Tue Nov 27 19:54:10 UTC 2012

On Wed, Nov 28, 2012 at 7:01 AM, Chris Hecker <checker at d6.com> wrote:
>
>> He implied that this strategy could be implemented in a way that is
>> transparent to the user
>
> But isn't this exactly analogous to the old svn argument that
> copy+delete would work for rename and be transparent to the user?
> Except, in practice, this stuff is subtle and it's really hard to get
> all the edge cases, and I broke it constantly.  I haven't used svn in a
> while, so maybe they've finally spackled over all the trouble spots, but
> renames were a disaster for the many years I used it.

Indeed! There is a general thing here where you can try to capture
semantic information, or not - and arguments on both sides. For
instance, when lines within a file move, one can:
 - treat it as delete+add
 - additionally when doing an imperfect application apply a heuristic
to guess whether its a move or a delete+add
 - or capture extra data saying it moved at the time.
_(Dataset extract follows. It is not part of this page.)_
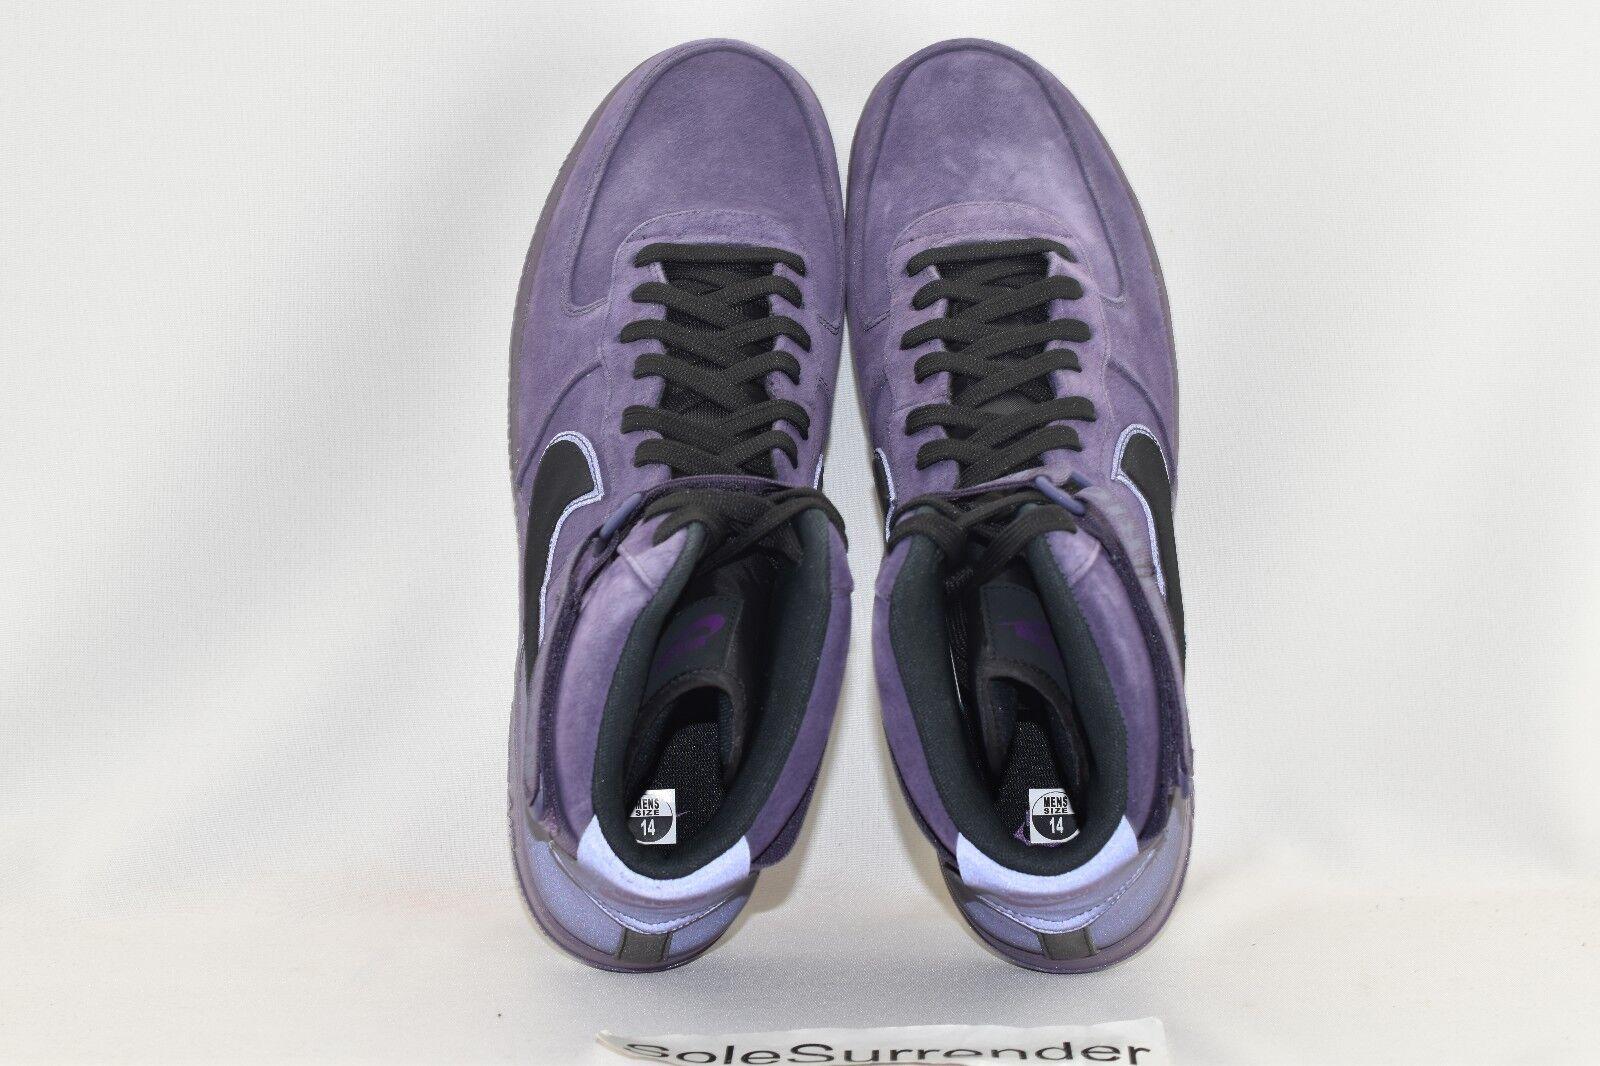 Nike Air Force Force Force 1 High '07 QS  Harlem  - SIZE 14 - 573967-500 Black Raisin HOH Hi eb1640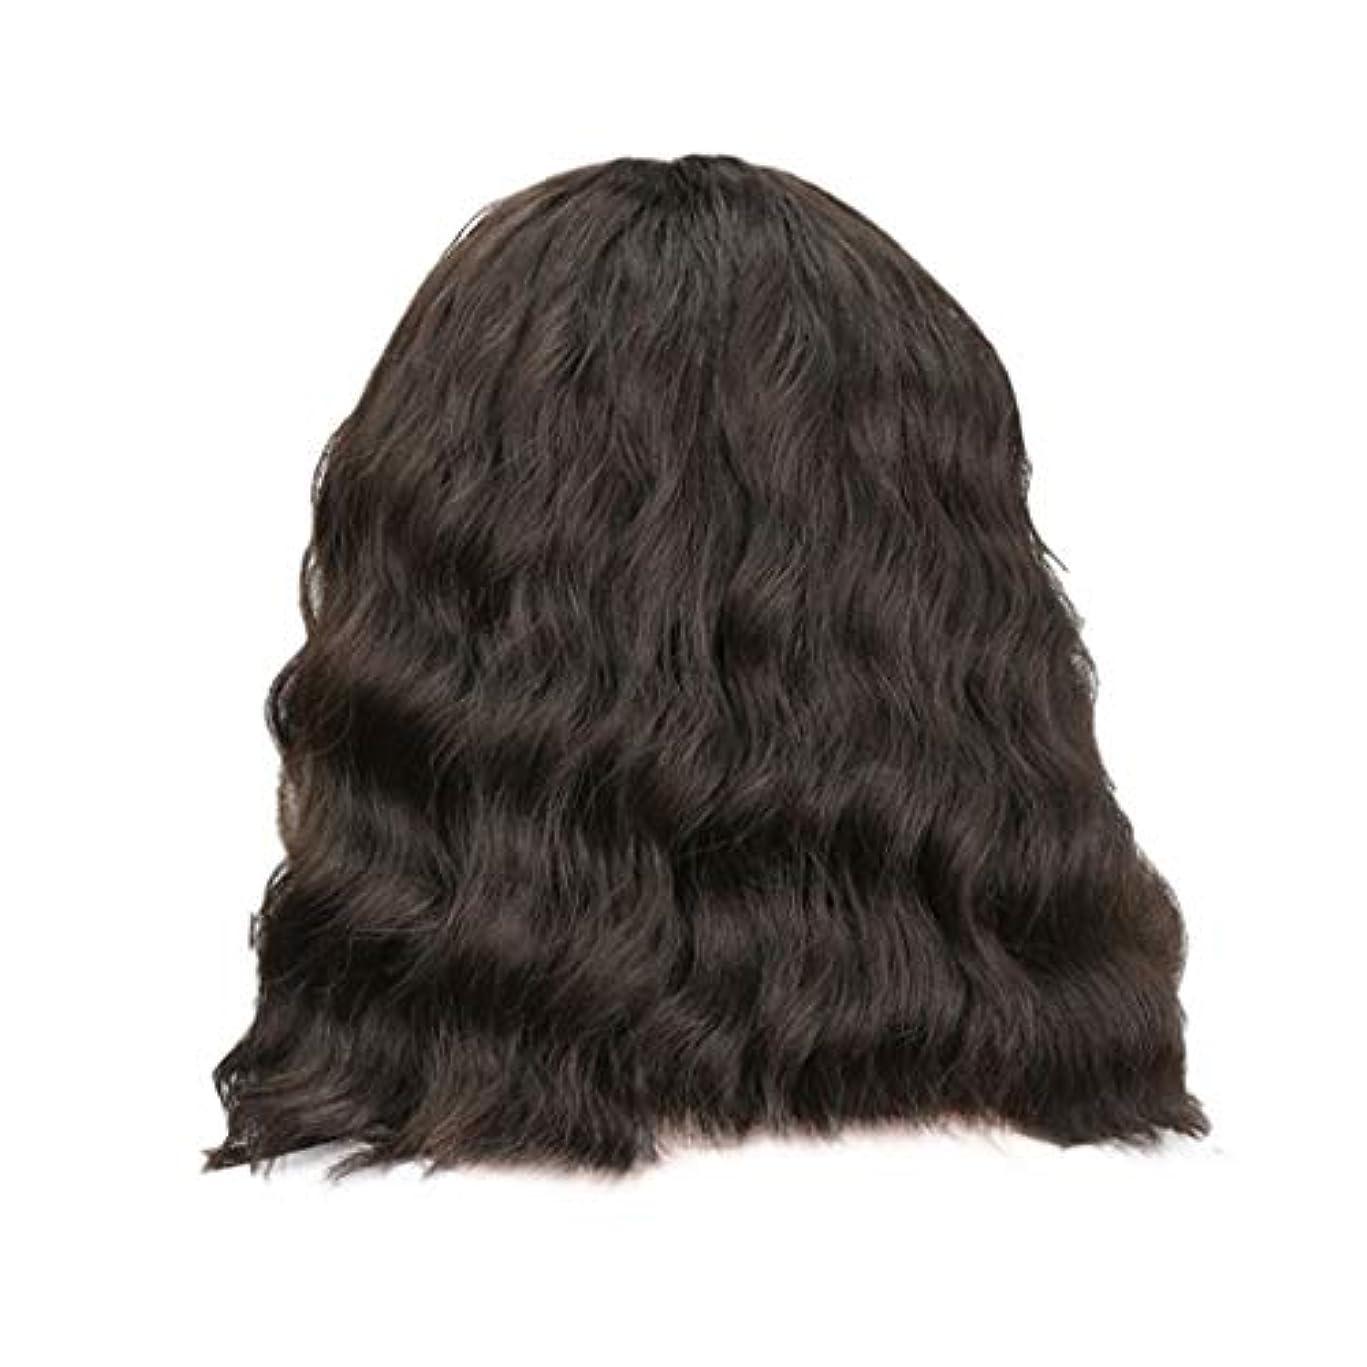 鑑定ビタミン期待して女性の黒の短い巻き毛のかつらボブ波かつらローズネット34 cm

arch applied this 'capture extra data' approach to files and
directories using a fairly large hammer - an inode like concept
'fileid'. But for in-file changes it uses the simple 'delete+add'
approach, with a little bit of contextual data stored to permit fuzzy
patches.

bzr copied the fileid approach, but we didn't - and I now think we
should have - review its overheads and failure modes. The places where
fileid's fail are:
 - parallel imports [files with the same name and content appear
different and are hard to merge]
 - file copies [patches merged into a tree where the file has been
split in two won't follow the split]
 - file joins [the inverse of copies]

I think capturing extra data has worked very well on balance, but
we've paid for it - we store ~40bytes more per changed file per
commit, and we have odd and hard to explain behaviours due to them. It
would be nice, i think, to explore two options:
 - capture the extra data in an alongaside data structure, rather than
a core part of the model. Consult it when it may be applicable but
work gracefully when its not there. I think this would make 'oops I
moved without telling bzr' much easier to recover from - even several
commits later, while still preserving 'renames handle arbitrary
directory rearrangements'.
 - generalise fileids into a structure that can handle joins and
copies - and use that to handle parallel imports.

These two things are complementary I think.

> bzr's rename support is so refreshingly solid, I never worry about
> renaming files, changing them to get everything working, renaming a
> directory after I renamed and/or changed some files, renaming them again
> when I change my mind in the middle of a fix, it all Just Works, which
> is what you want from a sccs feature.

Thanks, thats lovely to hear - I mean, we know, but its also nice when
folk tell us :)

-Rob
-- 
Robert Collins <rbtcollins at hp.com>
Distinguished Technologist
HP Cloud Services